Monday, June 8, 2009
Monday Morning Chat Over Coffee - Mourning
Yesterday evening I was ready to shut it all down and walk away. By everything I mean 360, Profiles, Twitter, Blogger and Facebook. Like my friend Sails I had reached sensory overload but not for the technical glitches and learning of new things and trying to keep up temporarily with one blog too many. I was just totally sated with the seemingly random rapid firing of diverse emotions I was getting in comments and status messages. Fortunately the cactus bud began to open and I was diverted with recording the process with my camera.

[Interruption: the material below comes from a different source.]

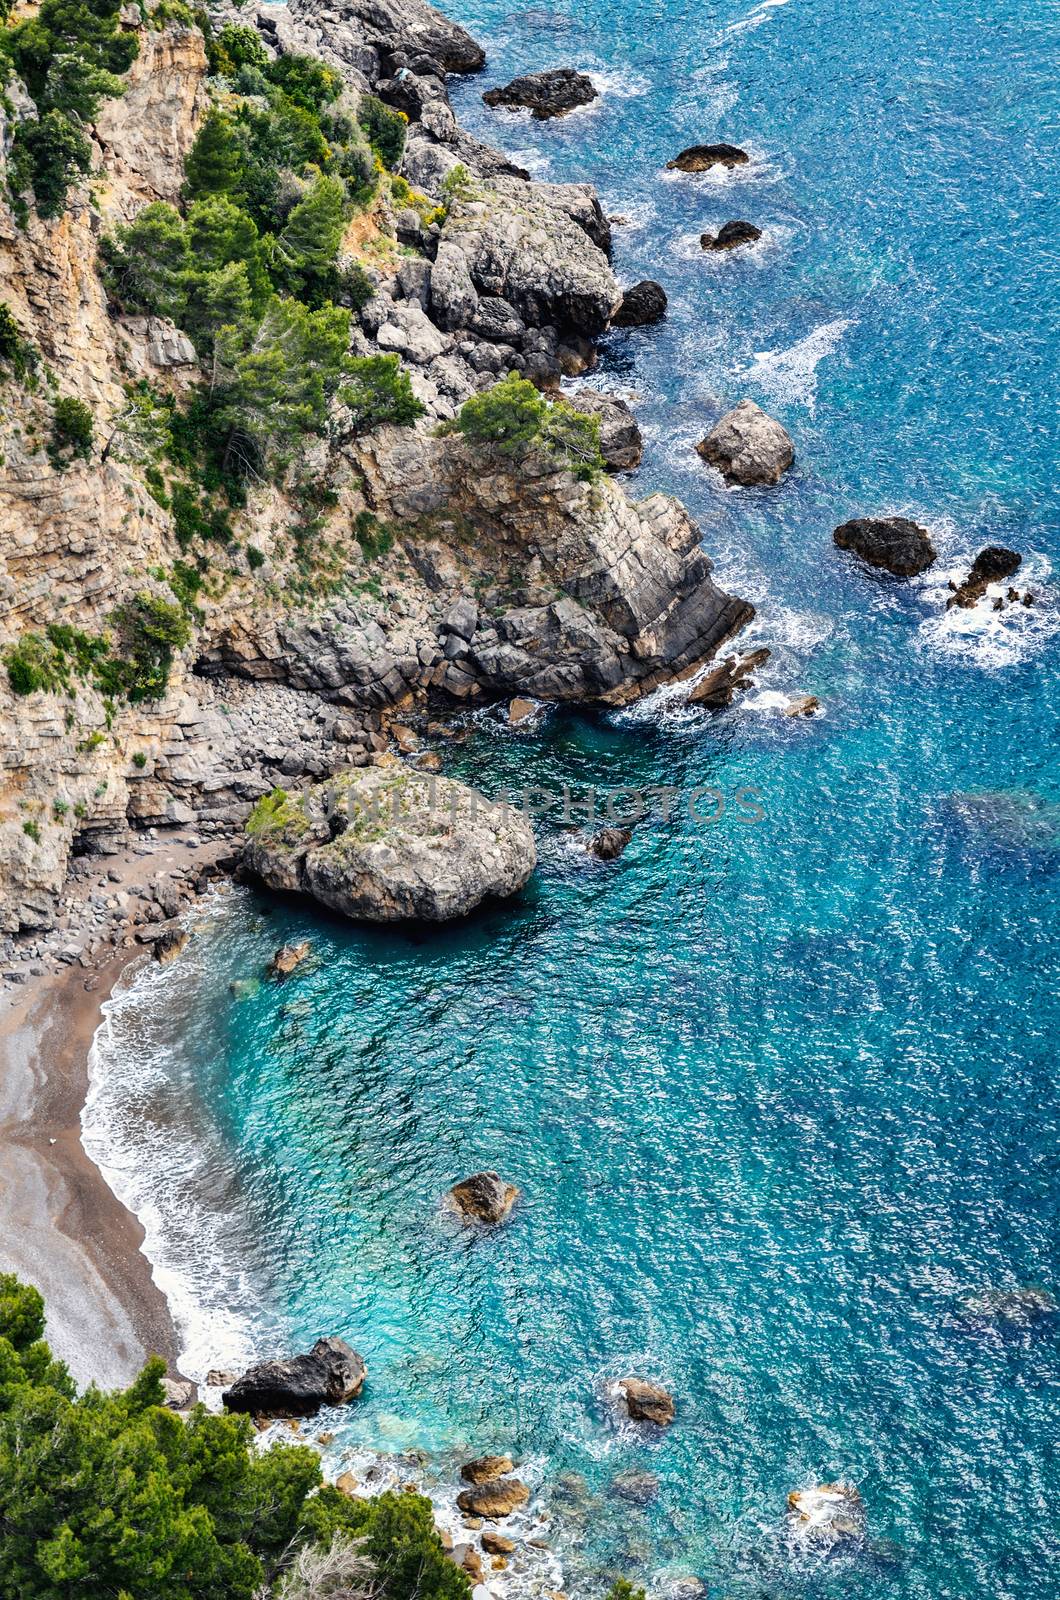 Rocks on the Amalfi coast by styf22

This morning as I encountered an even more open blossom to photograph I was also confronted with more emotions dripping off the blog pages. And it hit me suddenly. We are all in mourning. Our beloved Y!360 is dying and we really do not know how to cope.
We are going through the five stages of mourning and varying rates and without benefit of support group because here we are talking about technical processes and not Denial and Isolation, Anger, Bargaining, Depression, and Acceptance. I think a lot of us, including me, are pretending acceptance. Judith Viorst in Necessary Losses writes about how we go through mourning even when the loss is something we wanted as in a divorce or graduation from college. To move on and up and out we must release: We must say goodbye to something.
I am bombarded at the moment not only with my own rapid changing of emotions about 360 and the loss of friends, but with the emotions of all my friends. And then there is my ex-husband who is in mourning for his whole body as he goes back and forth between bargaining and anger about the future amputation of his foot and/or lower leg. And I am still going through my stages of grief over the loss of my dear friend, Kathi.
I think it is key to the whole "recovery period" to know that the five stages of mourning are not linear necessarily. It should rather be seen as a giant emotional pinball machine. And we don't always reach acceptance. Sometimes there is a huge TILT and we get stuck somewhere in the process. And we can pick a seemingly superficial issue like the closing of a blog platform to hide from ourselves and the world all the other more serious issues we are dealing with.
For many of us 360 has been our port in a storm. Our life raft during trying times in the "real world" and now we are asked to joyfully swim to an uncertain shore. Please be kind to each other as we go through this. And be kind to yourself.